There’s little character growth potential for her. She’s already in complete control. The other female main character, whom I won’t name for spoiler reasons, is the wisest, most knowledgeable, and likable in the show—oh, and a STEM gal to boot. These practically perfect and completely self-sufficient female characters are so notorious that fan critics have a term for them: Mary Sue.

“Mary Sue” started, as so many of these fan terms have, in 1970s Star Trek fan fiction. Paula Smith wrote a parody fic, “A Trekkie’s Tale,” about a 15-year-old girl named Mary Sue who “won the affections of all major male characters, surpassed their skills in combat, ensured their escape from enemy forces with a single hairpin, was granted the Noble Peace prize (among other titles) for flying a spaceship with ease, and then died tragically as all four of her male suitors wept unabashedly over her body.”

Outside of parody, Mary Sues are dull. If that were the worst of their offensives, I wouldn’t much care. But Mary Sues lie, and those lies have consequences.

The Fantastical Making of a Mary Sue

Usually the Mary Sue’s creator gives her some super power to negate the strength and stature disadvantages of the female sex. The latest and popular example is Rey, or MaRay Sue, as the “Honest Trailer for The Force Awakens” bills her. Her instant Force, flying, and fighting competence is textbook Mary Sue. Occasionally, a creator will support a Mary Sue by omitting female vulnerabilities. Think Katniss or Tris in dystopias remarkably free from worries about sexual violation.

When we hold such characters up as positive examples of female power to young women, we leave them open to all sorts of shock.

When we hold such characters up as positive examples of female power to young women, we leave them open to all sorts of shock. We give them the impression—the false impression—that a tough-girl attitude is all a woman requires for a successful life. Reality dishes out harsh lessons to such naïveté.

But Mary Sues don’t just harm women. To protect their Sues, writers also neuter their male characters.

One of the sour notes in the Voltron reaction has been Coran. In the original, Coran was Allura’s wise mentor, a cross between Luke Skywalker’s Obi Wan Kenobi and Bruce Wayne’s Alfor. In the new Voltron, Coran is the bumbling comic relief. Likewise, Allura’s spectral advisor father, a constant source of wisdom for her in the ’80s cartoon, disappears mid-season in the reboot. Keith, Allura’s love interest and the only member of the team to whom she deferred in the original, is pushed to the background. The character is hardly developed.
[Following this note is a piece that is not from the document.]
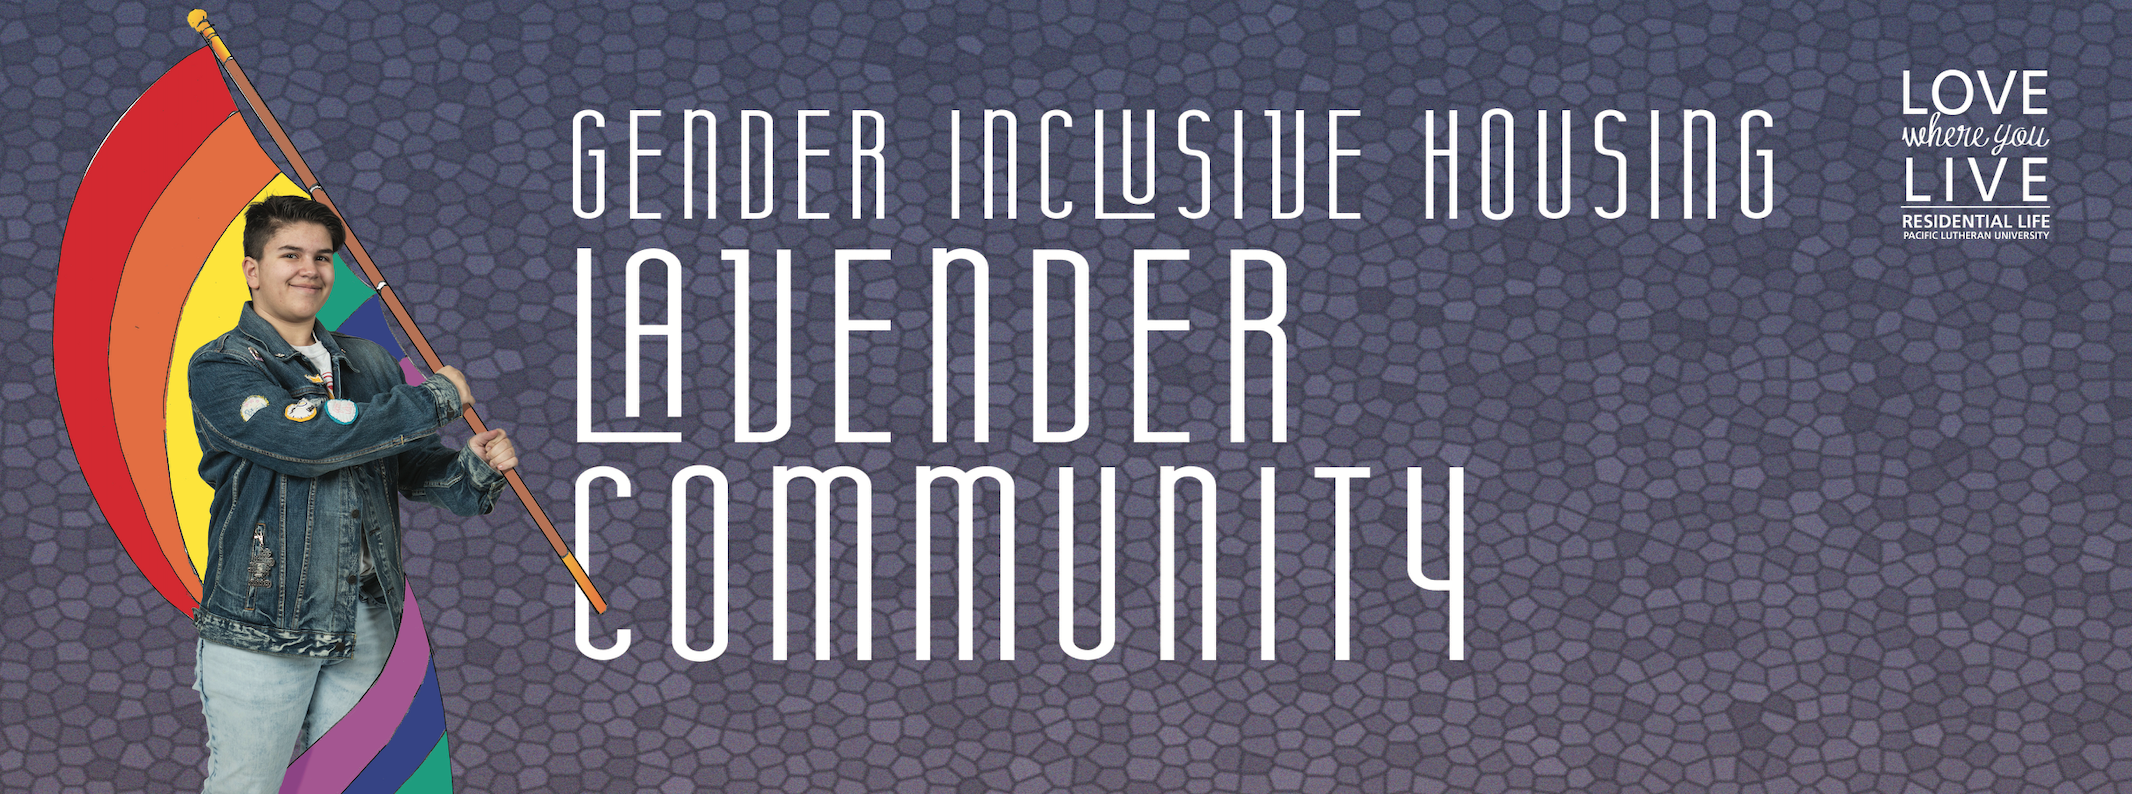 Gender Inclusive Housing & Lavender Community

Fans hope that will change in the next season, but frankly I see the groundwork for Lance and Keith slash. (“Slash” refers to homosexual parings, which started with Kirk/Spock fics.) Fair warning to Netflix: Star Wars fangirls did not take kindly to the destruction of Han and Leia. The fangirls who ship for Keith and Allura won’t either. (“Ship” is another fan-fiction-created word. “Relationship” got chopped and verbed.)

All men have to be beneath the Mary Sue so there is no hint of a male overshadowing the female. This insults women. It testifies to an assumption that a powerful woman cannot exist among powerful men. This doesn’t make women strong. It makes them lonely.

Even with the Mary Sues, however, “Voltron, Legendary Defender” is one of the better myth cartoons to come out in the last decade. I can’t quite decide if that makes me excited or depressed.